All the lines below should be set down exactly, with no picture carried into the copy.

[Given information]:
BEGIN

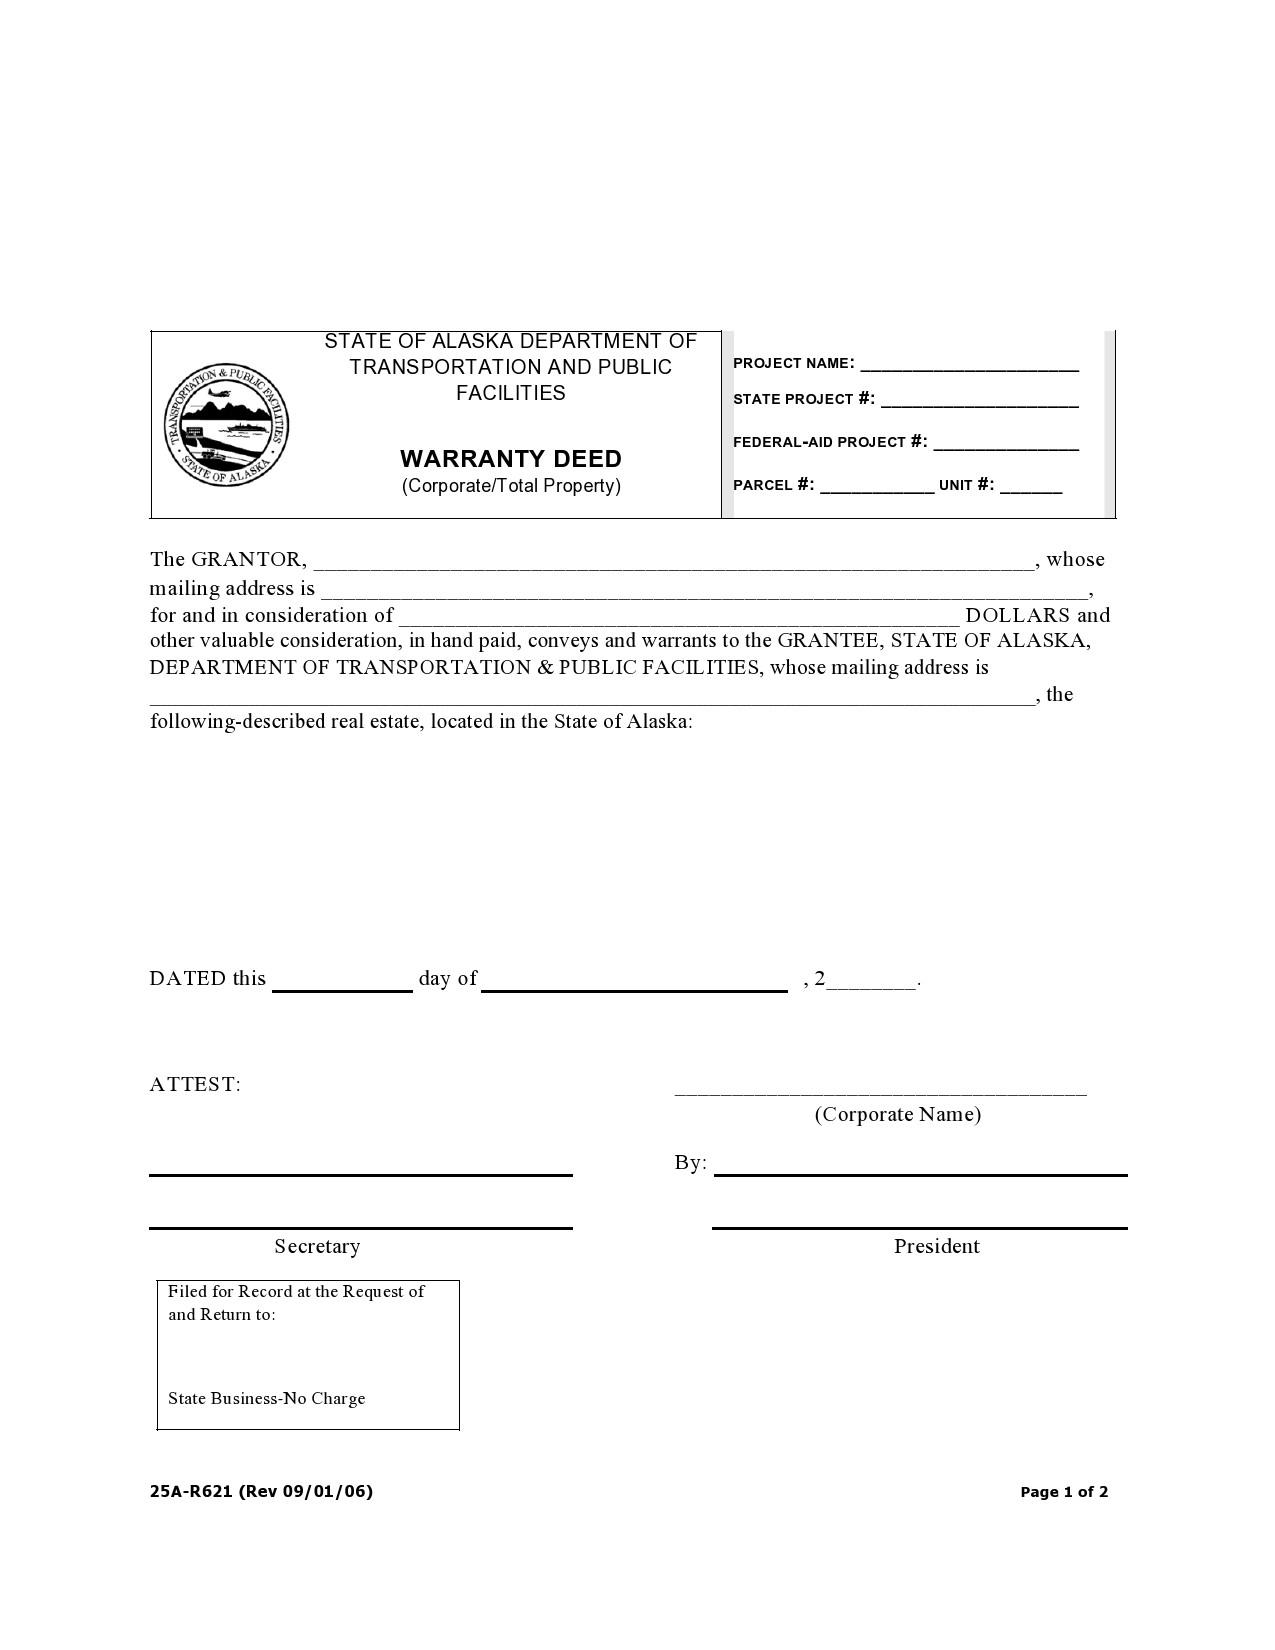 Free warranty deed form 31
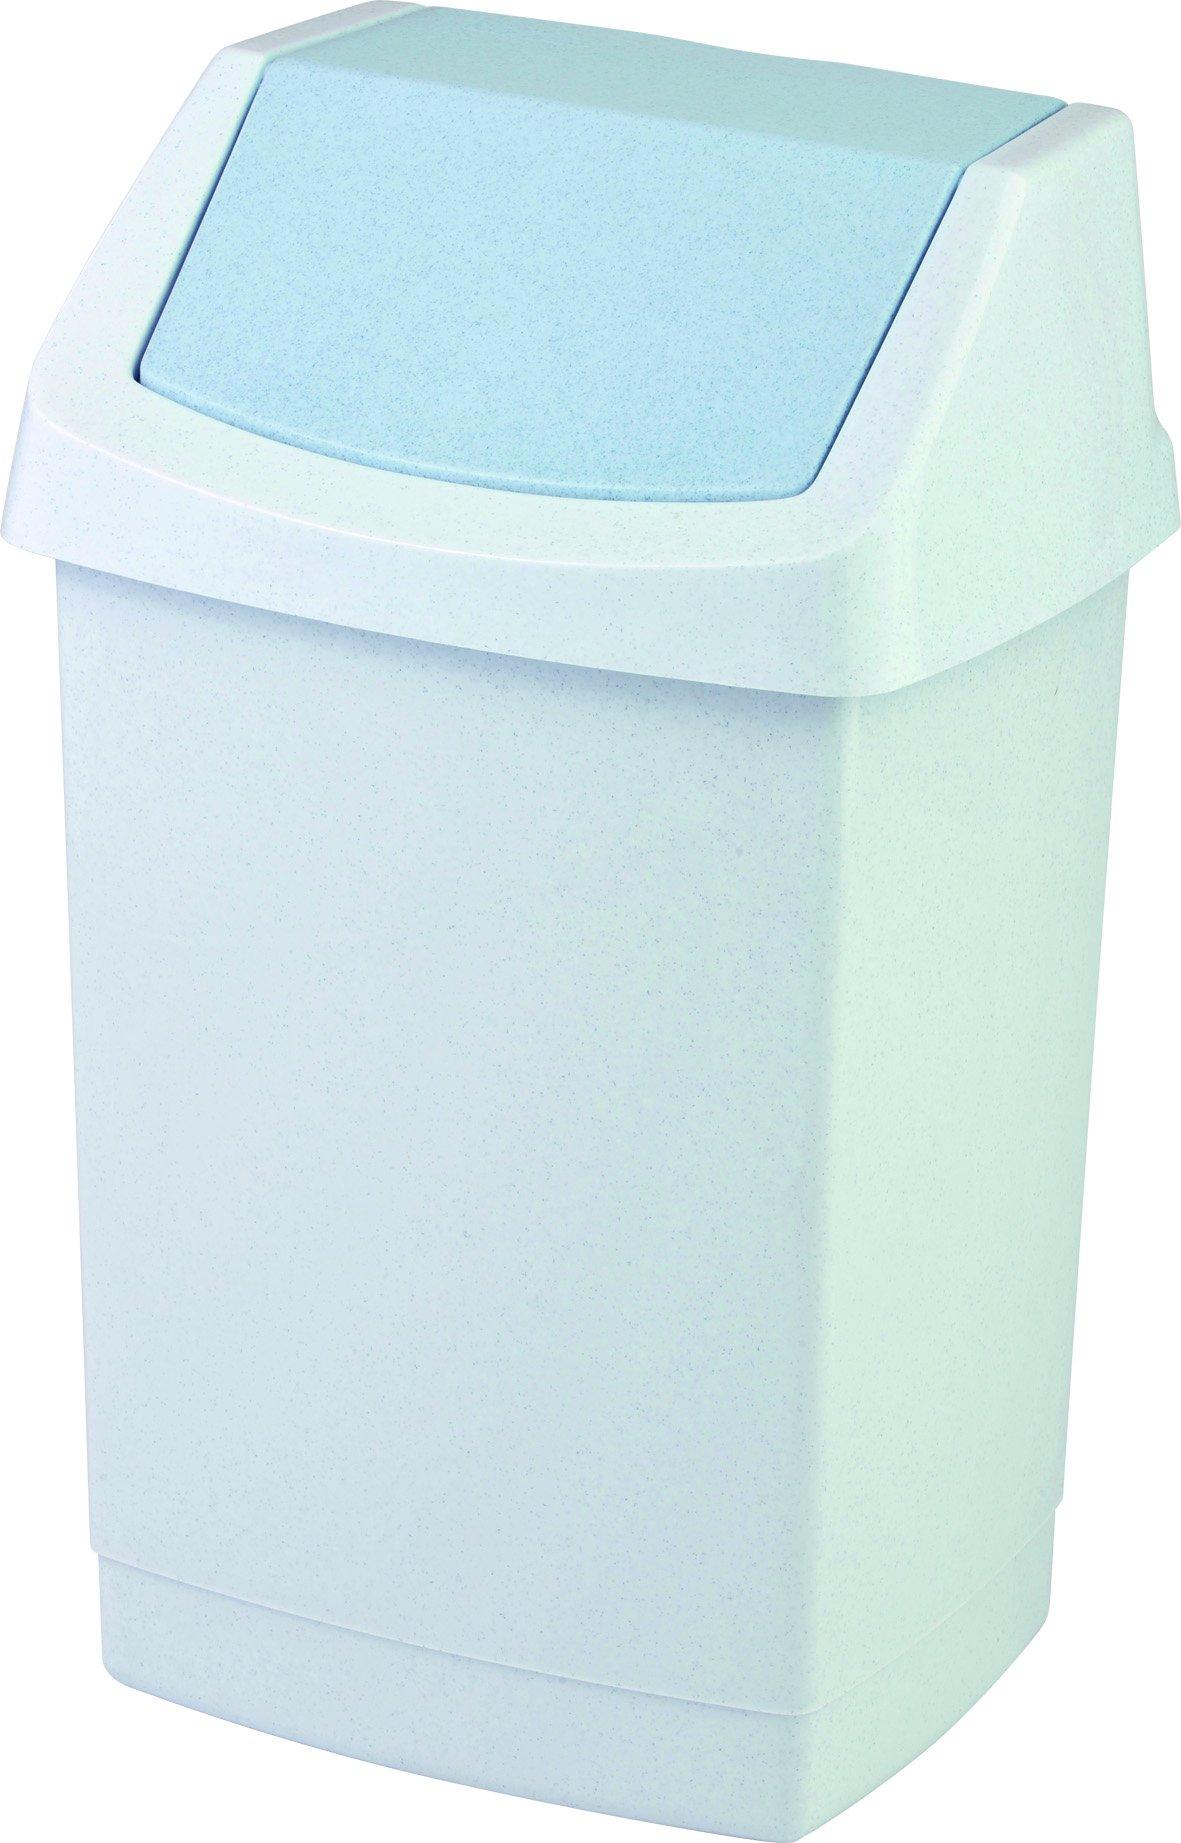 Curver odpadkový koš, CLICK-IT, šedý, 50l
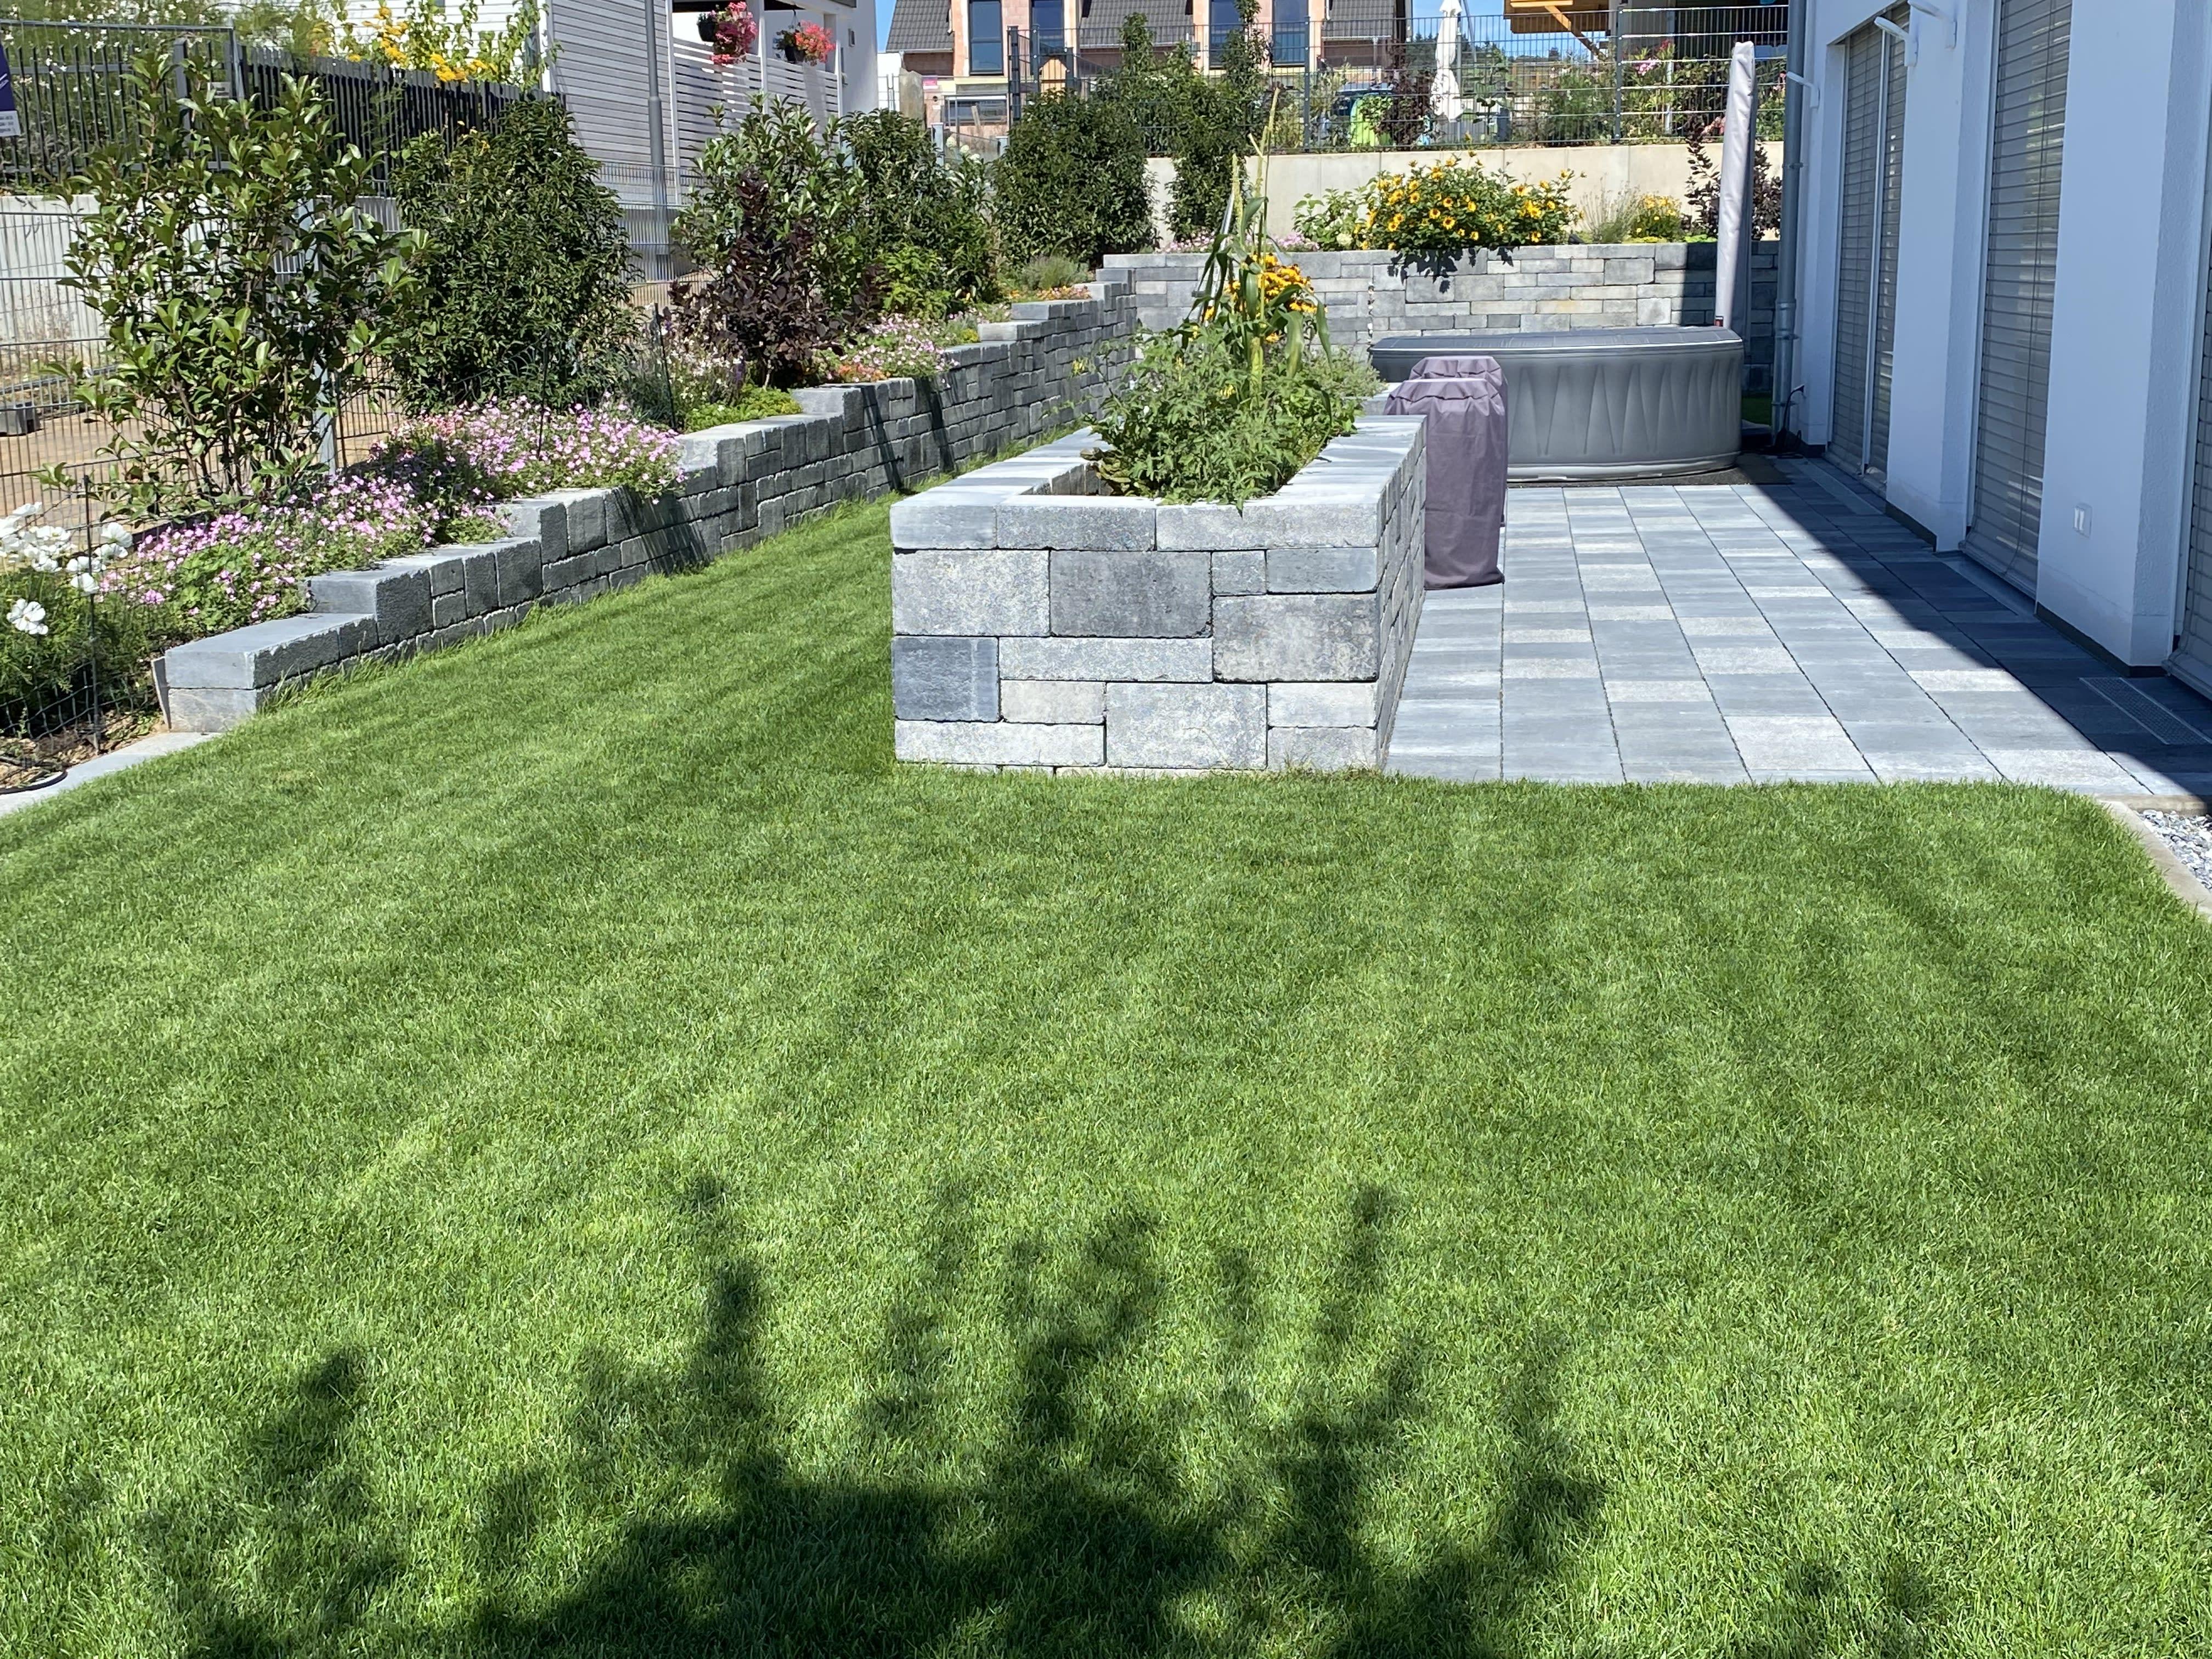 Garten mit grauer Steinmauer und Rasen

END

[Task result]:
 Free warranty deed form 31
 Curver odpadkový koš, CLICK-IT, šedý, 50l
 Garten mit grauer Steinmauer und Rasen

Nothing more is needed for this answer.